Concluo este texto, que é também um desabafo de quem ama e se preocupa com Nova Friburgo, em especial, destacando que, a meu ver, sem pretender aqui fazer qualquer juízo de valor em relação ao tratamento que será dado em relação a estas novas verbas pelos novos governantes, seja no âmbito municipal, recém-eleito democraticamente e também o interino-estadual, alçado provisoriamente à chefia do executivo por um processo de impeachment em curso, estes novíssimos recursos públicos anunciados devem ser objeto de rigoroso controle e fiscalização popular desde o início, no seu nascedouro, tanto pelos órgãos estatais competentes, câmara dos vereadores, TCE, TCU, MPE, MPF, como principalmente pela imprensa e entidades da sociedade civil organizada, associações, igrejas, sindicatos, OAB, Fórum sindical do município, grupos ecológicos e outros fóruns e coletivos de acompanhamento dos atos de governo, sendo certo que, para terminar, em breve síntese, a prioridade para mim deveria ser: 1- indenização de familiares de mortos e desaparecidos de 2011 e casa para quem ainda não recebeu; 2- realização de obras –estruturais- nos morros e rio bengalas; 3- discussão democrática com a sociedade civil interessada sobre prevenção e proteção do meio-ambiente . E insisto: com muita fiscalização popular.

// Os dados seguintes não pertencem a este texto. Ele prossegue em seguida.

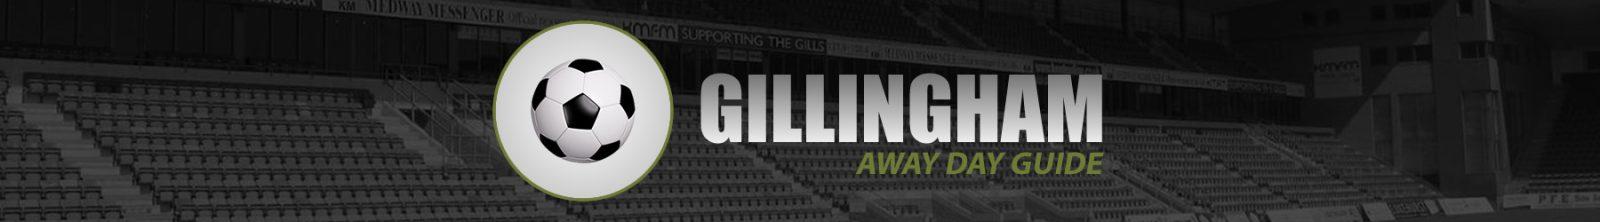 Gillingham Away

ADERSON BUSSINGER – Advogado sindical, diretor do Centro de Documentação e Pesquisa da OAB-RJ, conselheiro da OAB-RJ, membro efetivo da CDH da OAB-RJ, membro do IAB, ABJD e ABRAT (Associação Brasileira de Advogados Trabalhistas). Colunista e membro do Conselho Consultivo do jornal Tribuna da Imprensa Livre, integra a Comissão Nacional eleita de Interlocutores do Fórum Nacional em Defesa da Anistia Constitucional.